What strikes me about this book every time, aside from the concentrated poetry of the language, is how very much it has to say about my life, a remarkable feat if you consider that it is set at the end of World War II and just before and is populated by a Canadian, an Italian-Canadian, an Indian who would become a Pakistani after partition, a Hungarian, and an Englishwoman. That list ignores the multinational cast of characters in the desert and Cairo and the nasty German and his cohorts in Italy. Its locations are also foreign. I’ve never been to Italy, North Africa, Canada, or Pakistan. Furthermore, I’ve never been in a war or in a desert at all like the Sahara. In fact, nearly everything in the book is foreign to me. Except that it’s not.

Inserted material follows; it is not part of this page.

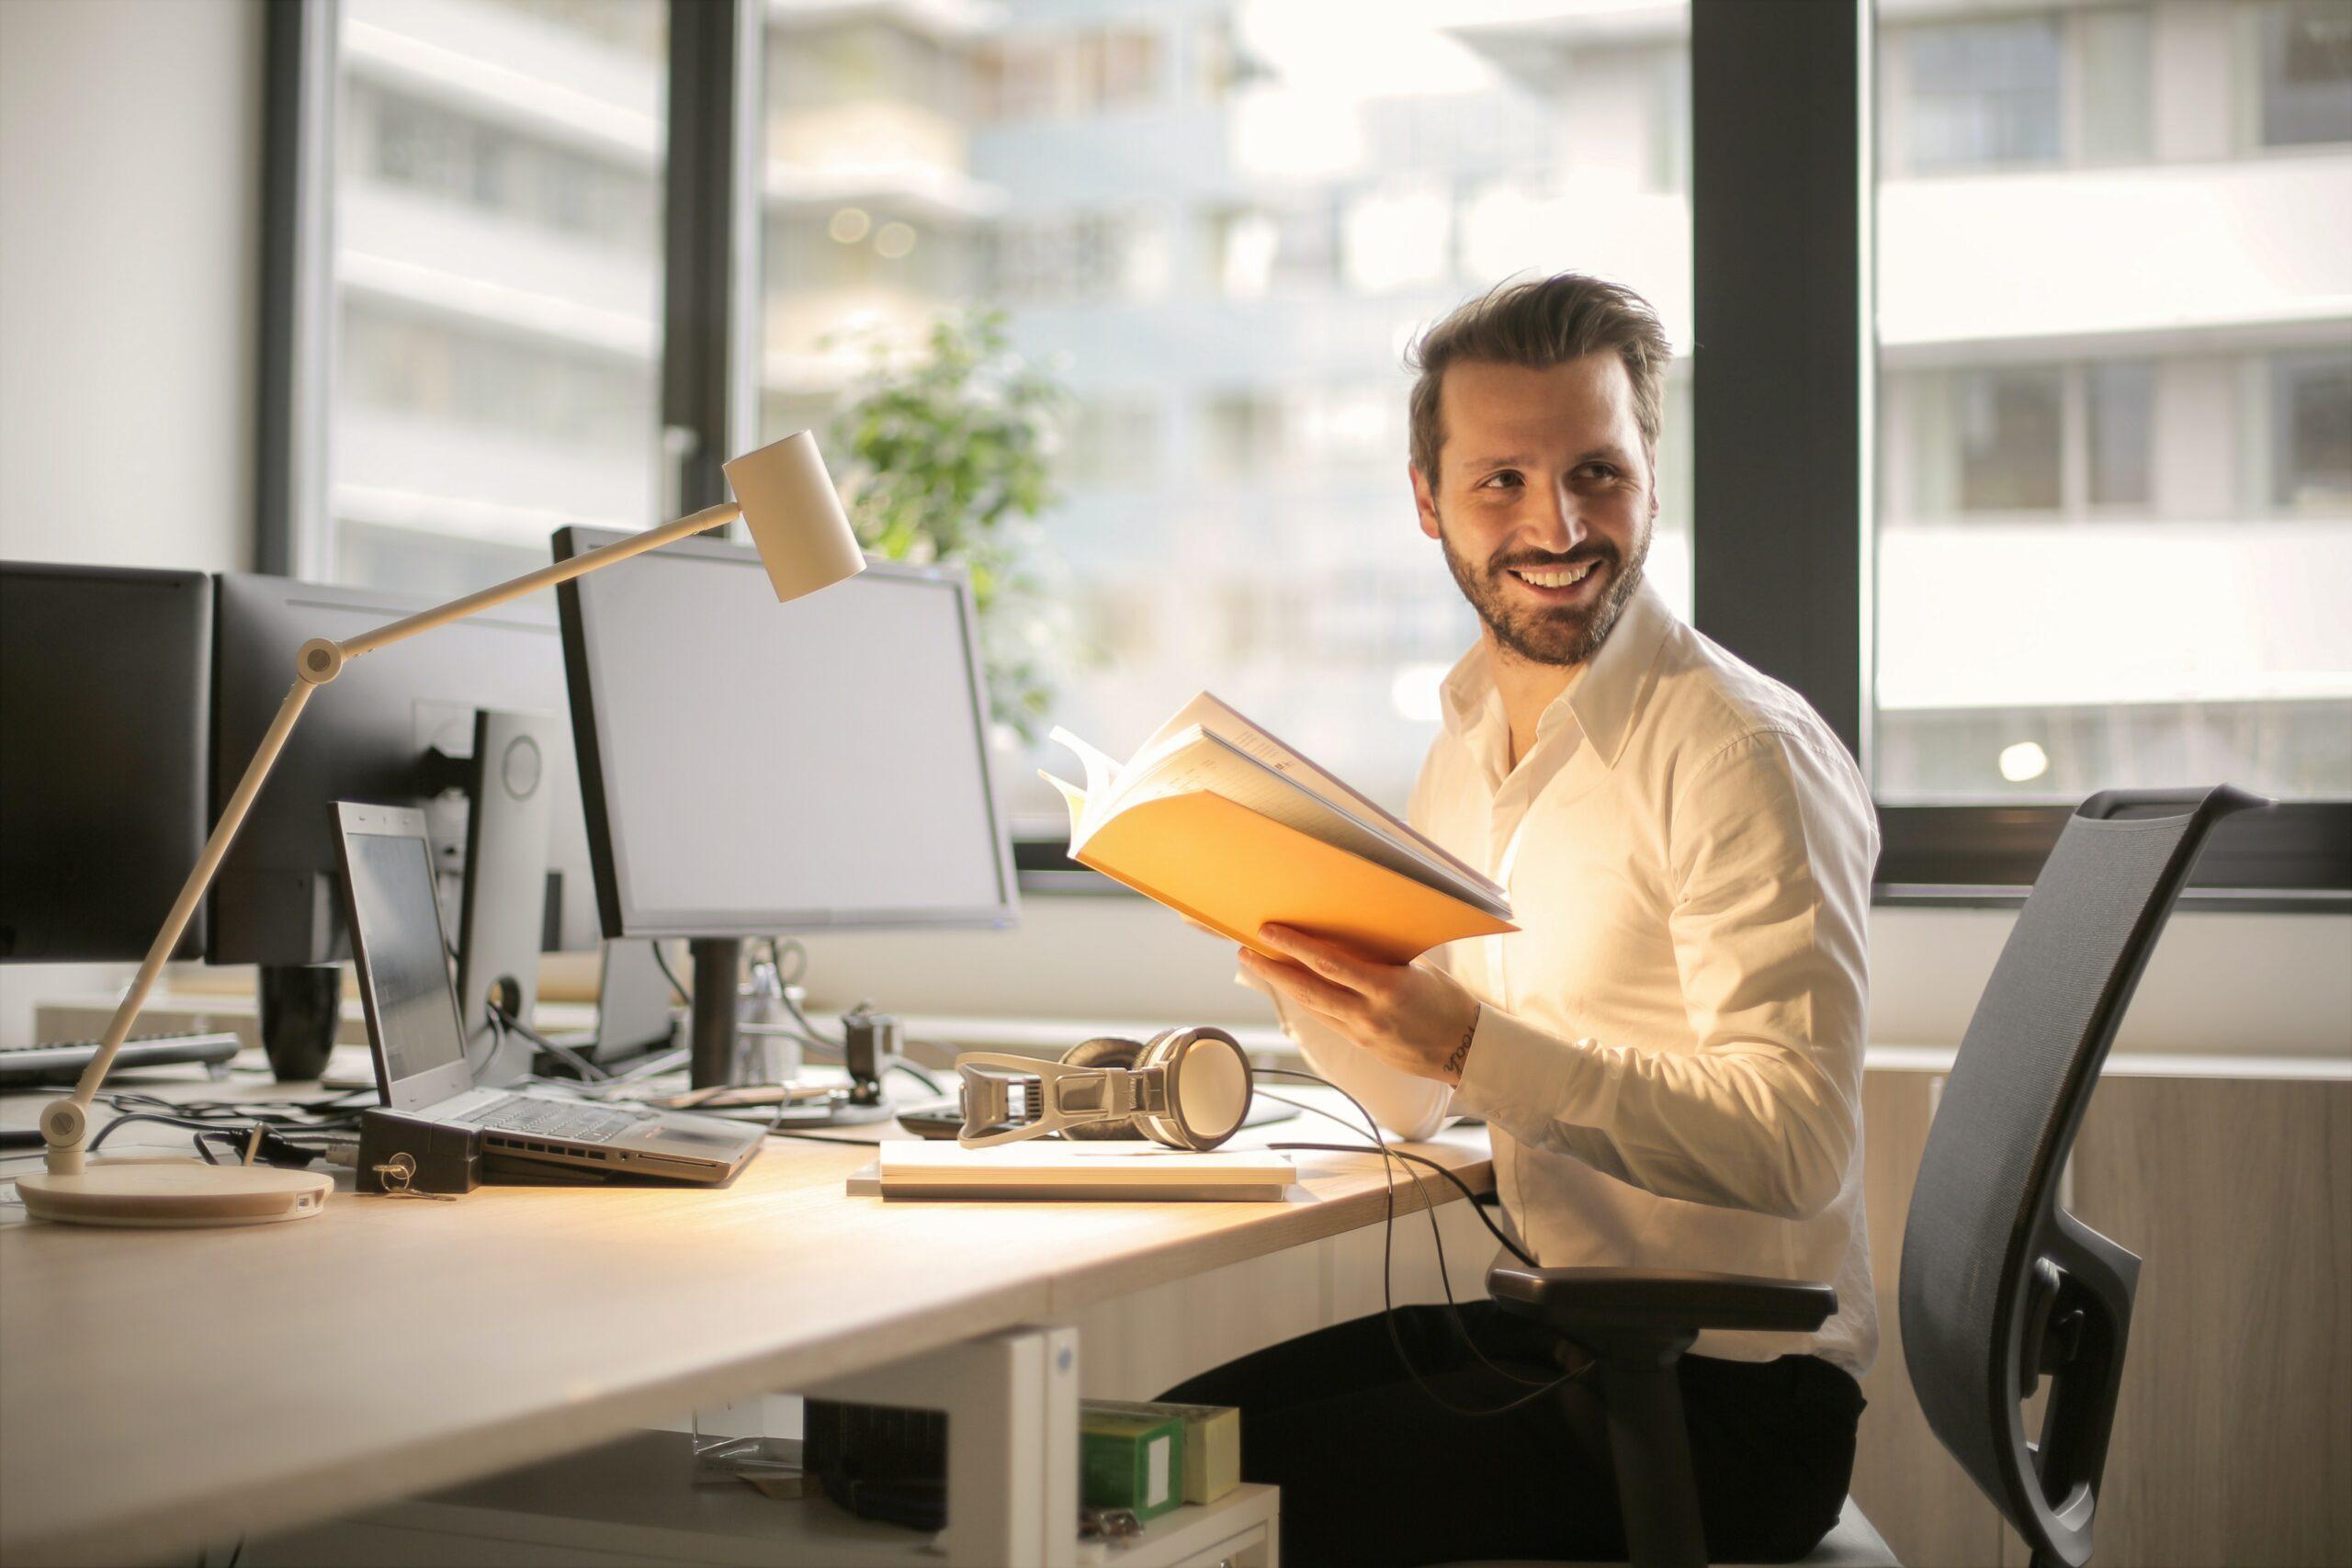 Administratieve hulp | Hulp bij administratie | Administratie versterking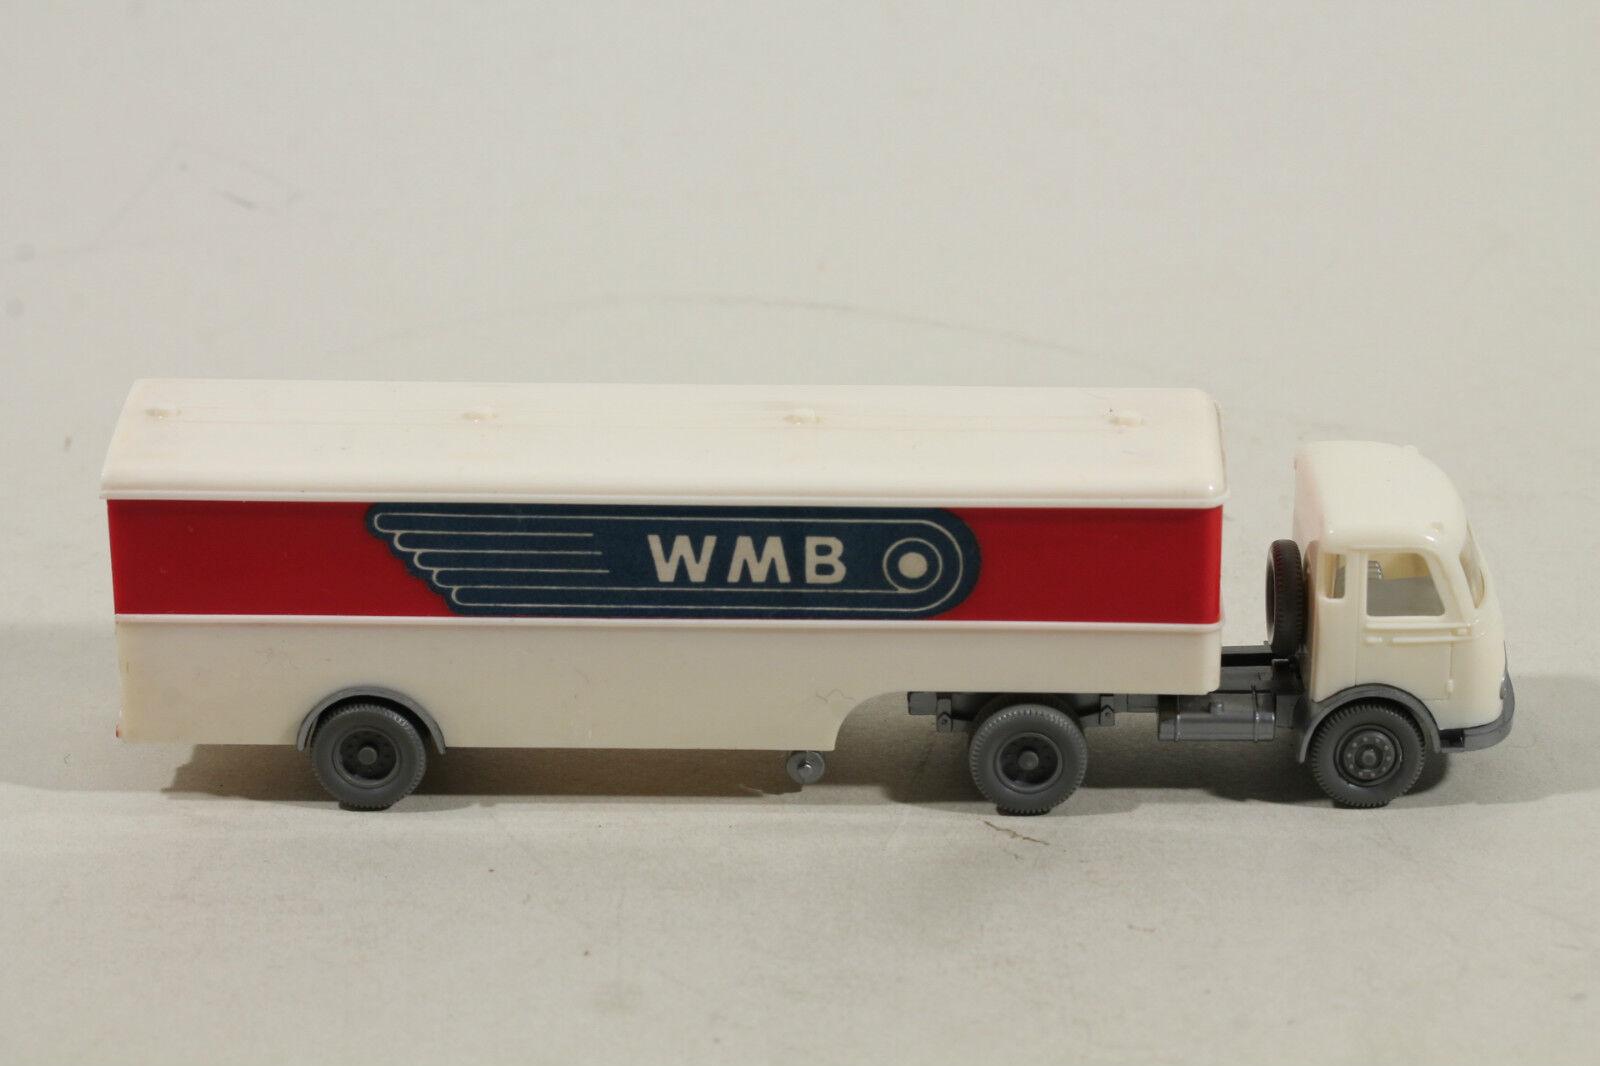 513 Typ 2B Wiking Pullman LKW   WMB   1963 - 1965   cremeweiß & rot

How can a man from Sri Lanka and Canada writing about these lives so unlike mine, or probably his for that matter, know so much about me, so much about what I think and feel and know and need to know? That’s the magic of books, though, isn’t it? Like the Bible, they contain multitudes—multitudes of men and women and places and stories. The good ones do, anyway, and I think that’s the trick, really. It’s the way books, the Bible and bibles, connect us to one another and lay the world out at our feet. They allow us to see and be so many people and places and times. They make us bigger than ourselves and our small lives. They make us and remake us, and in doing so, they remake themselves because each time we come to them, we come to them as new people, and so they become new books.